Your goal ▸ Below is a listing; print exactly its lines from the one containing "Image des plusieurs" down to the one containing "convenio klappbare konferenztische", both inclusive, with every picture left out.

Input data: Begin

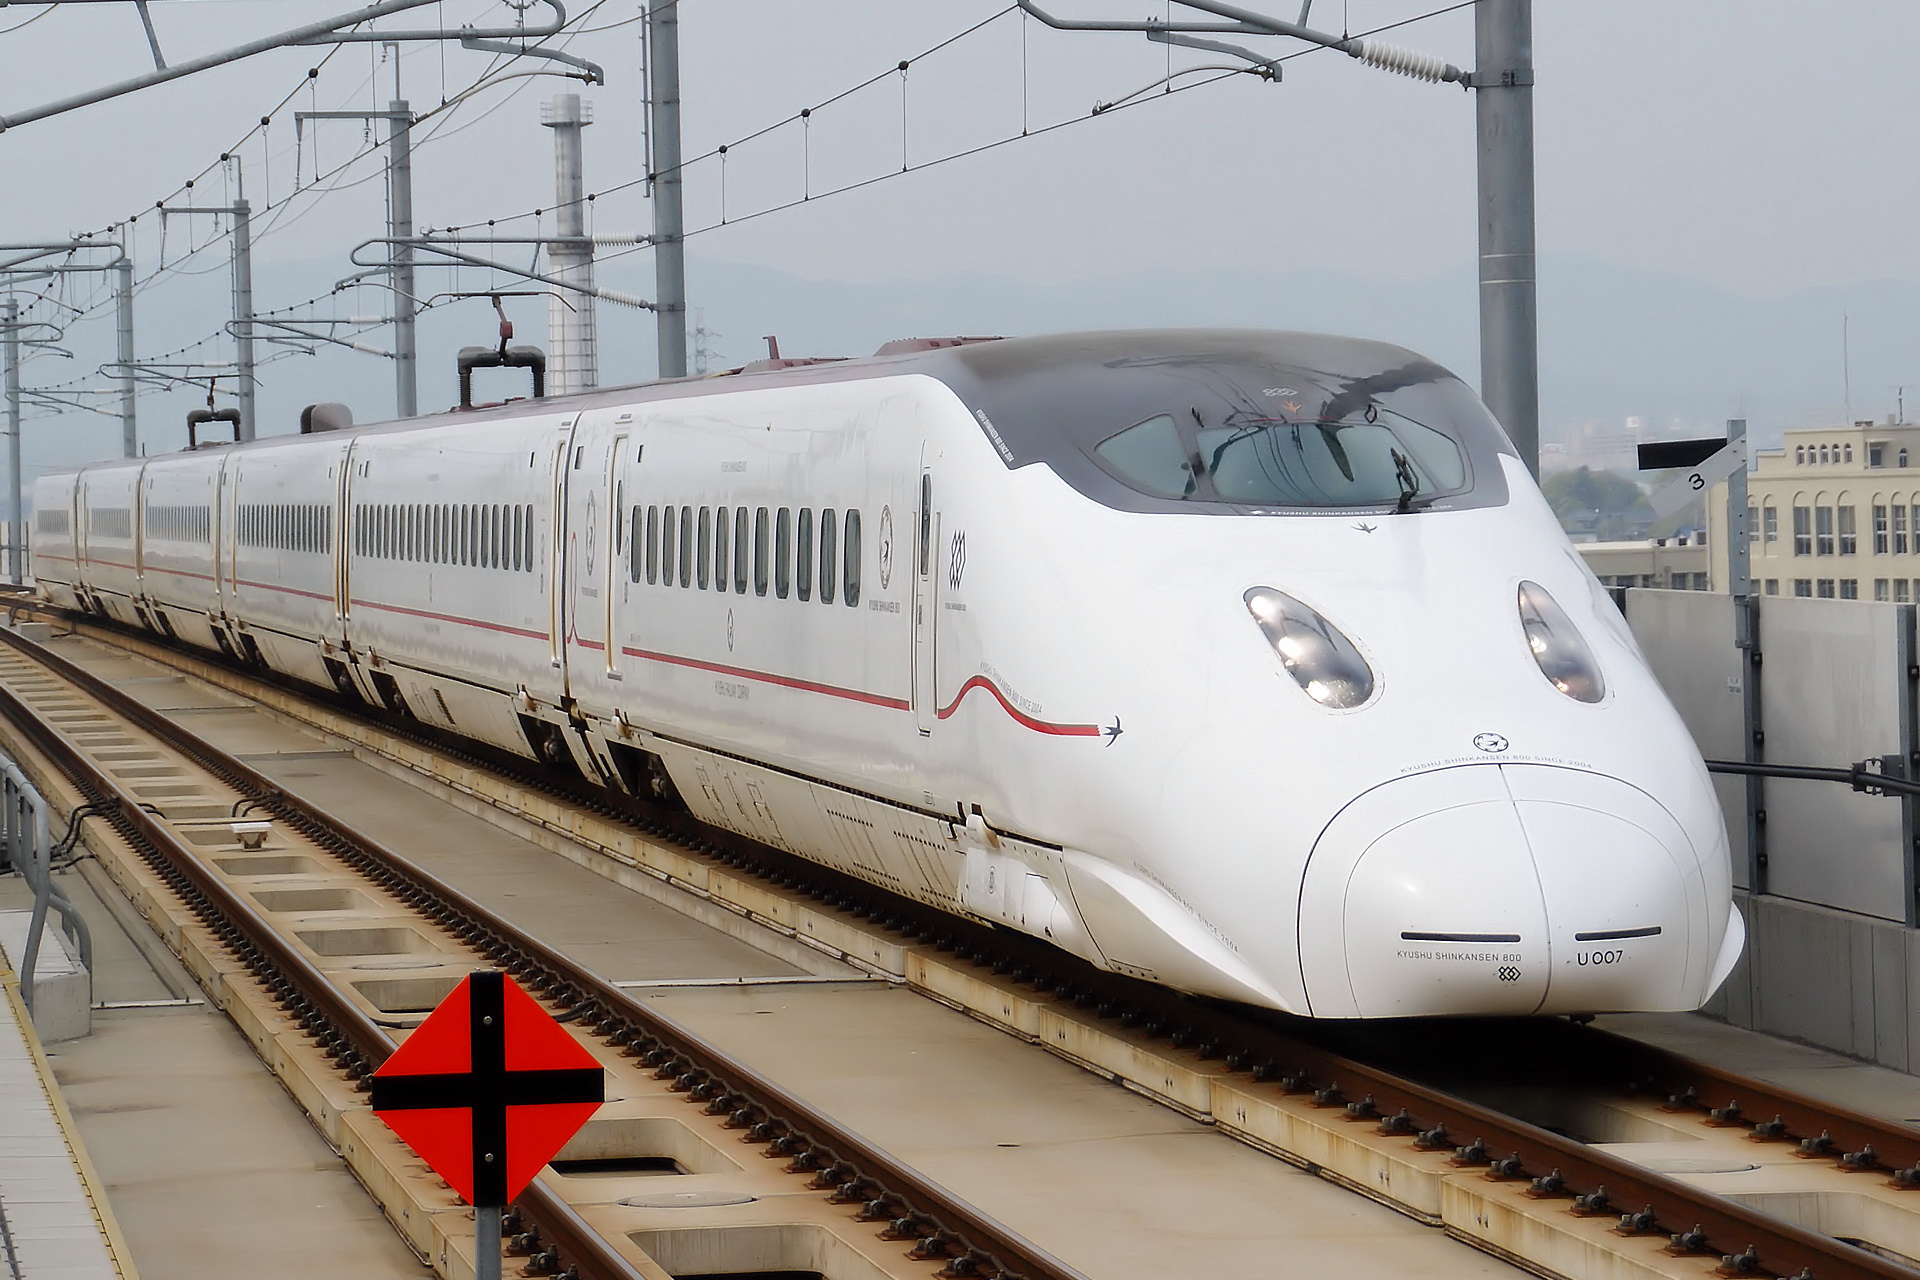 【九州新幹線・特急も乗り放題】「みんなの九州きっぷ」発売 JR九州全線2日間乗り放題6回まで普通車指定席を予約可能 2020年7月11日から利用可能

Input data: End
Input data: Begin

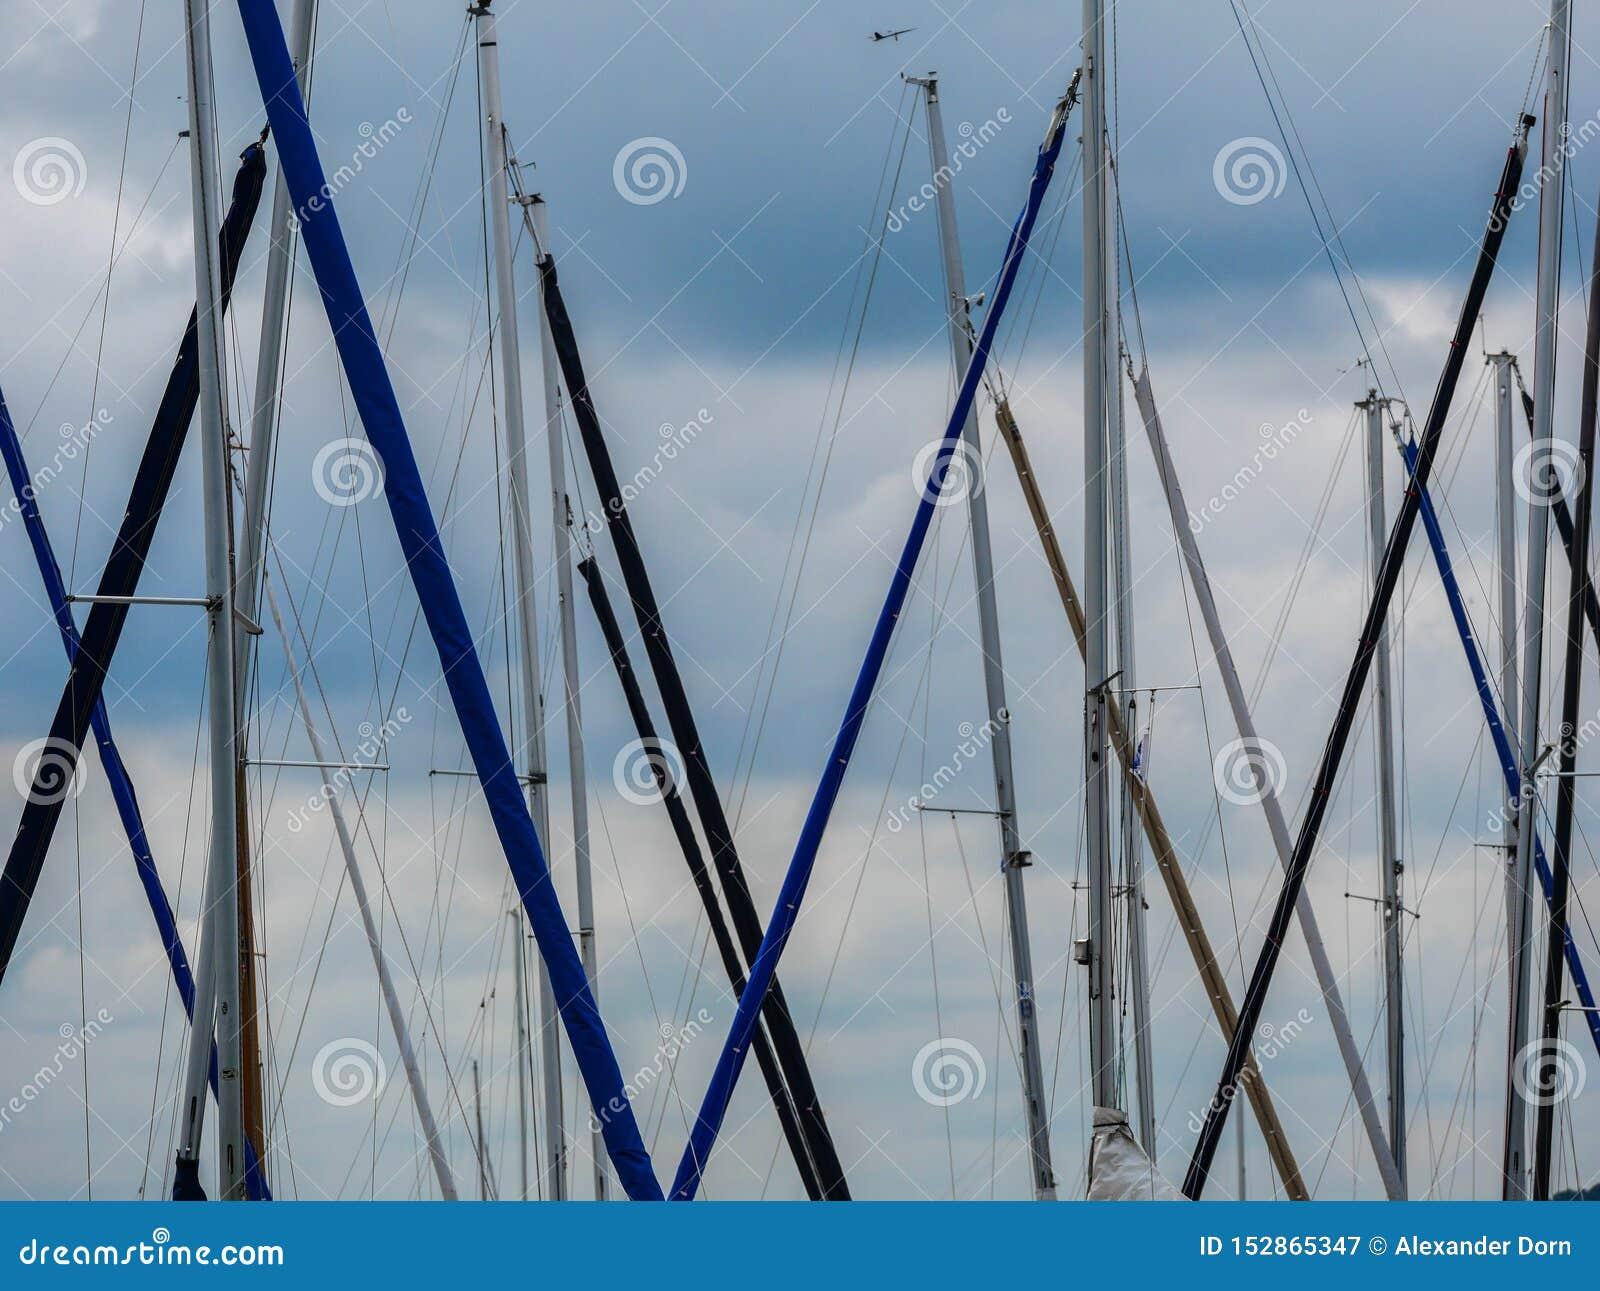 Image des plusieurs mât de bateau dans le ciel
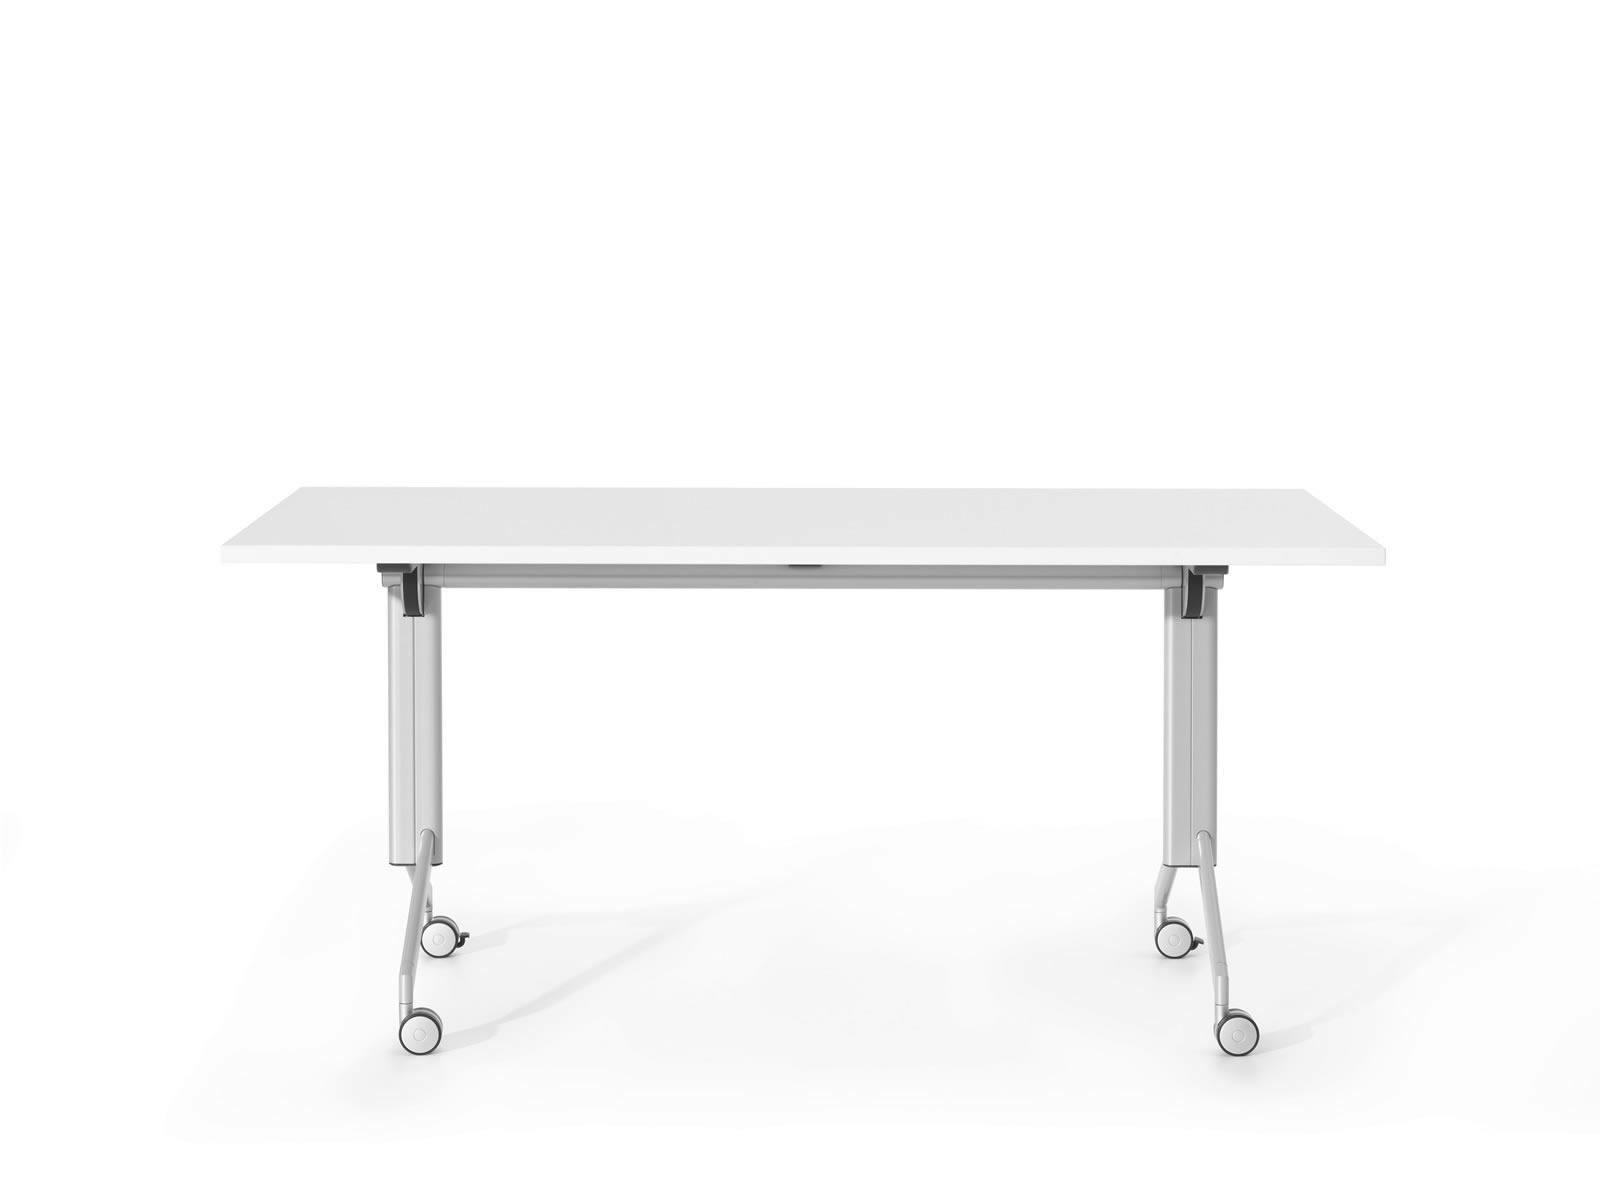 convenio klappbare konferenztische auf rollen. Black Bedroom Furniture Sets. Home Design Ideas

Input data: End

Task result ▸
 Image des plusieurs mât de bateau dans le ciel
 convenio klappbare konferenztische auf rollen. Black Bedroom Furniture Sets. Home Design Ideas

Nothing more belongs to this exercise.